# Inferring Photometric Redshifts from Multichannel Images
## Balázs Menkó (O67UT7)
### Supervisor: Pál, Balázs 

---

# Create Database

In [1]:
# Number of pictures in the database:
NUM_IMAGES = 10000 # maximum=19589
UPLOAD_BATCH = 50

from utils import *

# Create `redshift` table 

```python
connection = connect_from_settings(pgsql_settings)
cursor = connection.cursor()
cursor.execute("""
    CREATE TABLE IF NOT EXISTS redshift (
        index INT PRIMARY KEY,
        specObjID BIGINT,
        ra FLOAT,
        dec FLOAT,
        z FLOAT,
        zErr FLOAT,
        velDisp FLOAT,
        velDispErr FLOAT,
        picture INT[]);
""")
connection.commit()
cursor.close()
connection.close()
```

In [2]:
### Find the last object ID which has been uploaded to the database

try: # for first try the database is empty 
    MAX_IDX = int(run_query("SELECT COUNT(index) FROM redshift").iloc[0,0])
except:
    MAX_IDX=0
print(f'MAX_IDX={MAX_IDX}')

specObjID_csv = pd.read_csv('specObjIDs.csv', names=['ids'])

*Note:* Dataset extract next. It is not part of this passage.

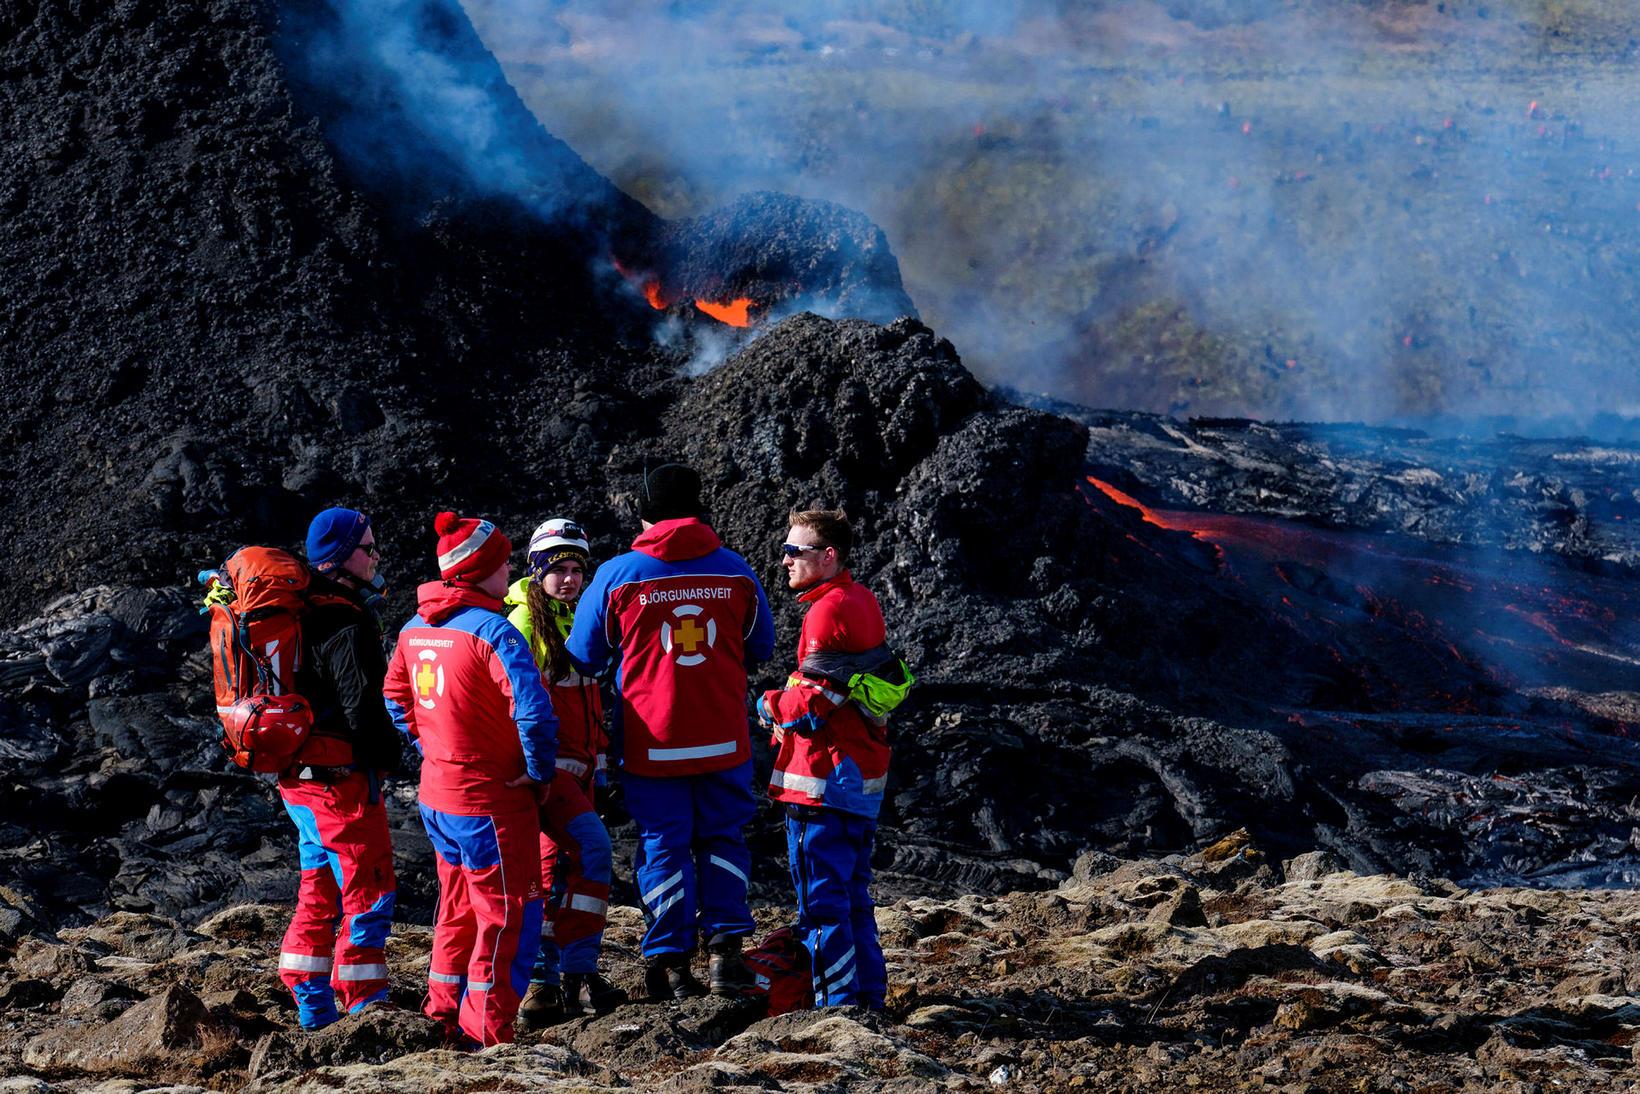 Björgunarsveitarfólk hefur staðið vaktina við gosstöðvarnar á Reykjanesi allt frá …

ids_to_save = tuple(specObjID_csv['ids'][MAX_IDX:MAX_IDX+UPLOAD_BATCH].tolist())

MAX_IDX=10000


## Querry object ID, radial and declensional degree and redshift parameter ($z$)

In [3]:
results = SDSS.query_sql(f"""
    SELECT specobjid As specObjID, ra, dec, z, zErr, velDisp, velDispErr
    FROM SpecObj
    WHERE specobjid IN {ids_to_save}
""")
df = results.to_pandas()

## Download images for given coordinate pairs

In [4]:
if MAX_IDX < NUM_IMAGES:
    data = [
        (index+MAX_IDX, row['specObjID'], row['ra'], row['dec'],
         row['z'], row['zErr'], row['velDisp']/1000, row['velDispErr']/1000,
         get_sdss_image(row['ra'], row['dec'], size=IMG_SIZE)
        )
        for index, row in tqdm(df.iterrows(), total=UPLOAD_BATCH, desc="Processing")
    ]

## Upload data to `postgres-datasci.db-test` server

In [5]:
if MAX_IDX < NUM_IMAGES:
    connection = connect_from_settings(pgsql_settings)
    cursor = connection.cursor()
    cursor.executemany("""
        INSERT INTO redshift (index, specObjID, ra, dec, z, zErr, velDisp, velDispErr, picture)
        VALUES (%s, %s, %s, %s, %s, %s, %s, %s, %s)
        ON CONFLICT (index) DO NOTHING;
    """, data)
    connection.commit()
    cursor.close()
    connection.close()

# Combined downloading an uploading

In [6]:
MAX_IDX = int(run_query("SELECT COUNT(index) FROM redshift").iloc[0,0])
while MAX_IDX < NUM_IMAGES:
    clear_output(wait=True)  # Clear the output
    print(f'{MAX_IDX}/{NUM_IMAGES} records have been added to the database yet.', end='\r')
    ## Get the next 50 ids
    ids_to_save = tuple(specObjID_csv['ids'][MAX_IDX:MAX_IDX+UPLOAD_BATCH].tolist())    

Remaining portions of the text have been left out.